I came around the corner of the house and stopped. A young bear, shiny and slender, a perfect ingénue, was crossing the road. She hung in the middle for a moment as she turned back for one, two, three (!) reluctant cubs, who came tumbling out of the underbrush and followed her across the road from the mountain on the Hallenbeck property to the streambed on ours. Everyday, my neighbor tells me, the bears cross back and forth from our property to his, sometimes in front, sometimes in back of our houses. Seeing them is serendipitous—looking up or looking out on the correct side of the house at the exact, right moment. In mid-September I looked out in time to see one of the cubs, three times as big but still a roly-poly bundle of fur, bounce across our backyard. Was he on his own or had the others preceded him moments before? No way of knowing.
Yearling bear, Mohawk Trail State Forest
And so it is with all nature encounters at Mill Brook House, although our chances of seeing wildlife seem greatest when mothers are tending to babies. One April, as we were working with a friend and his tractor to remove some trash from our front woods, we almost stepped on a nesting woodcock, who blended in perfectly with the forest floor and never budged from her nest, despite the tractor operating no more than six feet away. We returned later that afternoon with a camera, and some weeks later I determined that the eggs had safely hatched.
Another year, in early June, we flushed a doe from our back meadow and subsequently discovered the reason she had let us get that close: a large brown patch near our mowed path turned out to be a newborn fawn. We took pictures while Mama skulked in the back woods, moving from shadow to shadow but never leaving. Newborn fawns have no scent: our dog Nellie, with us on a leash, never noticed the baby lying three feet away. Only later in the afternoon, when our house fell completely quiet, did the doe move her fawn to a less conspicuous location.

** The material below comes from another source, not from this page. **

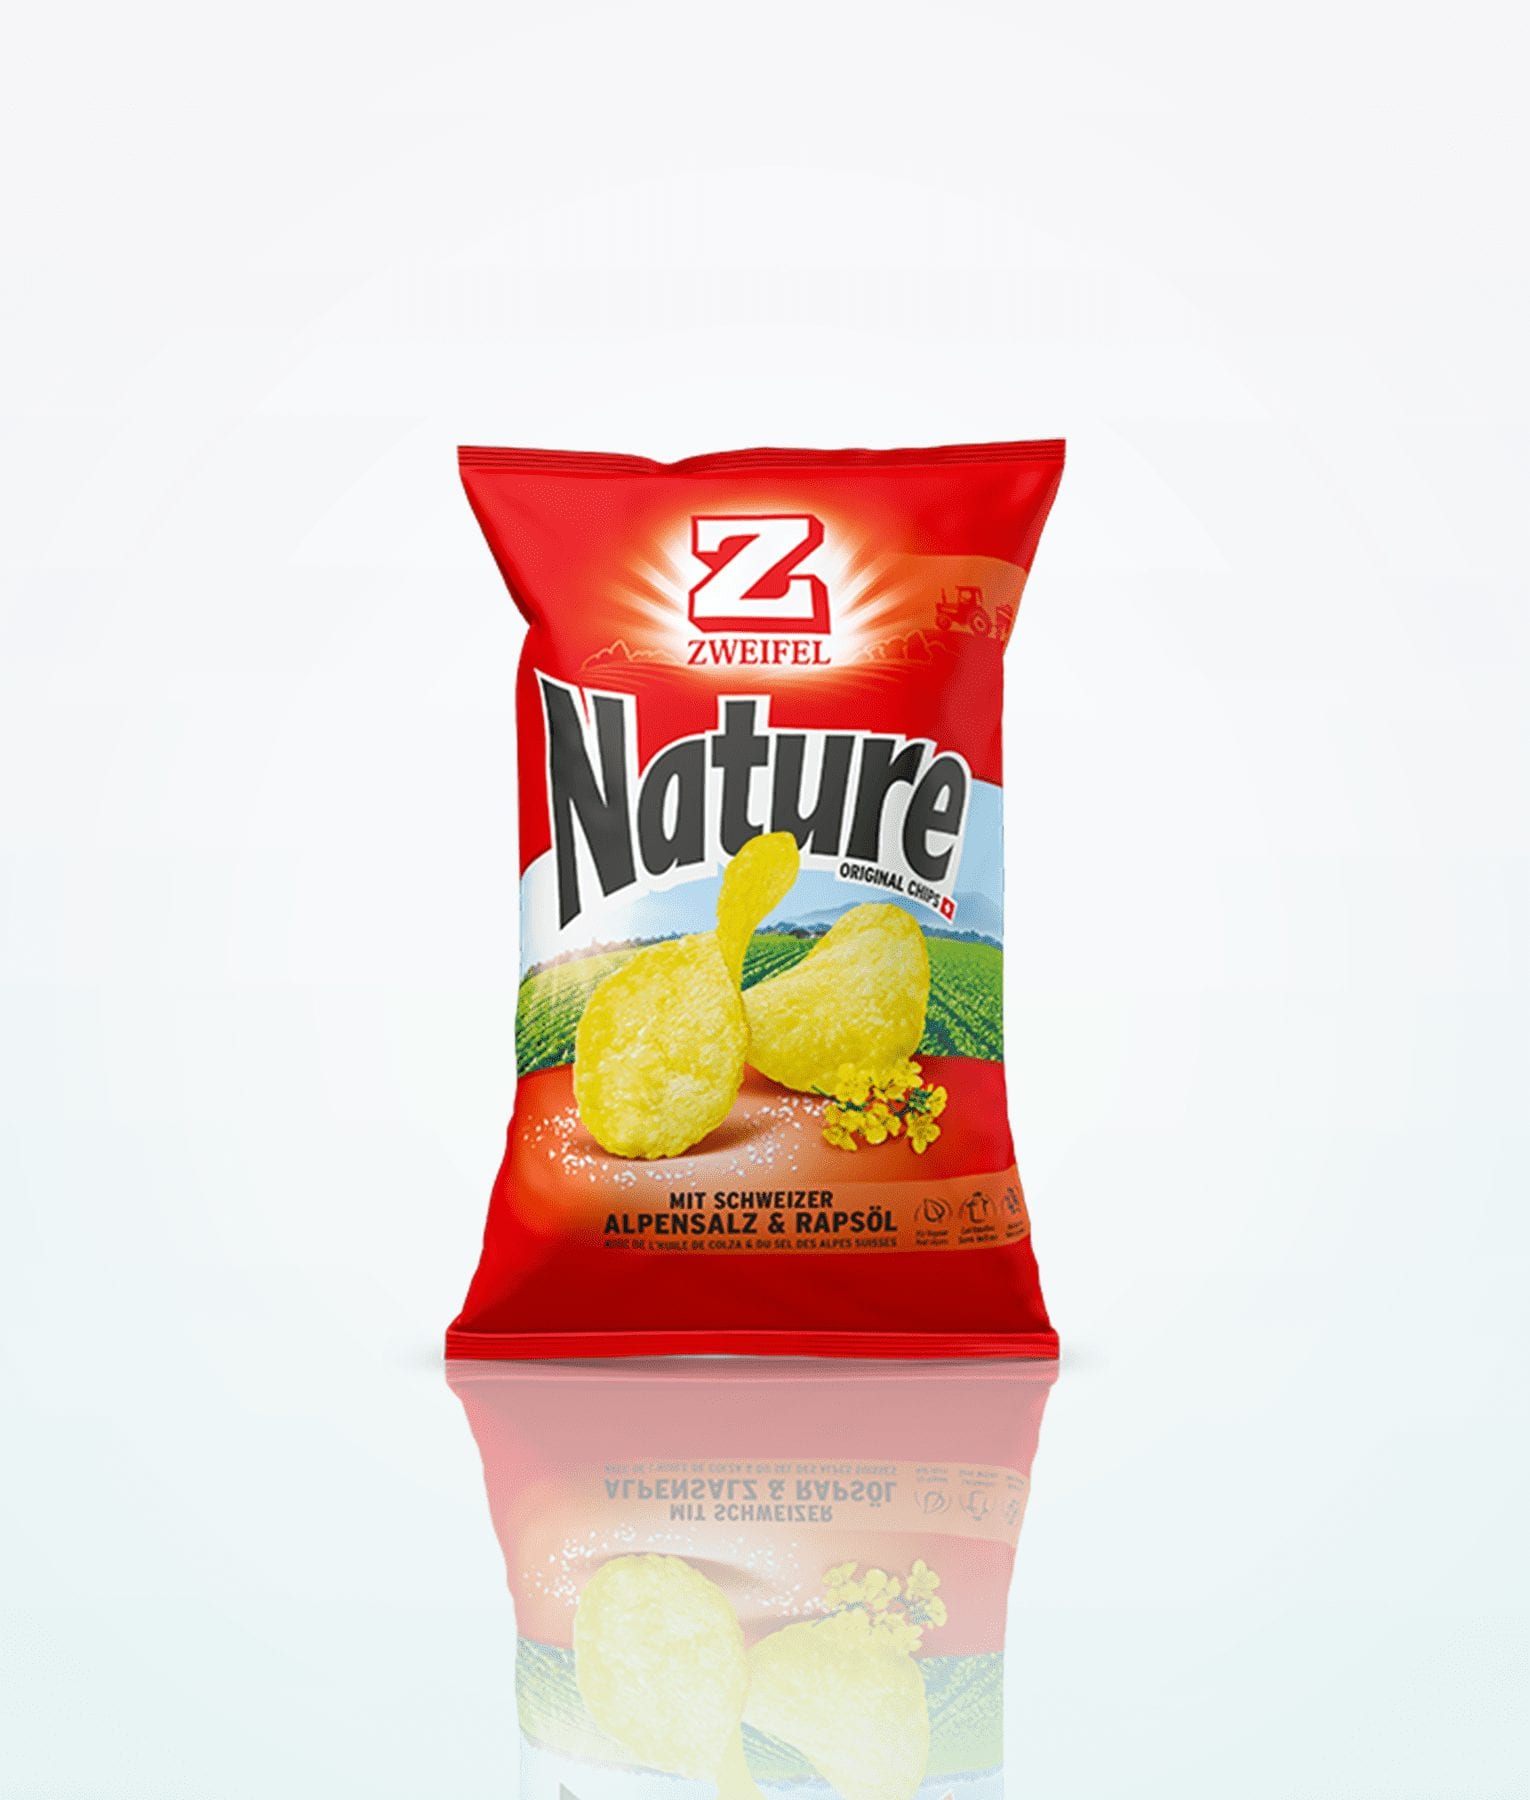 Zweifel Nature Original Chips 185g

The opportunity to photograph a deer close up comes rarely, but we nevertheless witness fragments of deer drama from the house, never quite knowing the beginning or the end of the story. One year, three fawns played in the tall grass in the front meadow day after day, ignoring me painting on the porch and men working on the roof. Some days their moms joined them and one day moved them on.
A pregnant doe checks out the back meadow
In the same spot at the end of the back meadow where we found the baby deer, Nellie flushed a mother turkey, who, it turned out, had been hiding with her babies. Each of what of I subsequently learned were sixteen or seventeen chicks, was individually wrapped, dug into its own little nest of grass and completely invisible. Although already starting to sprout their black feathers of adulthood, they could not yet fly. Three weeks later, when Nellie flushed them from the back of our woodpile, over a dozen black, gawky teen turkeys flew up into the nearby trees. Mama fled across the small brook that partially encloses our back field, and eventually they joined her.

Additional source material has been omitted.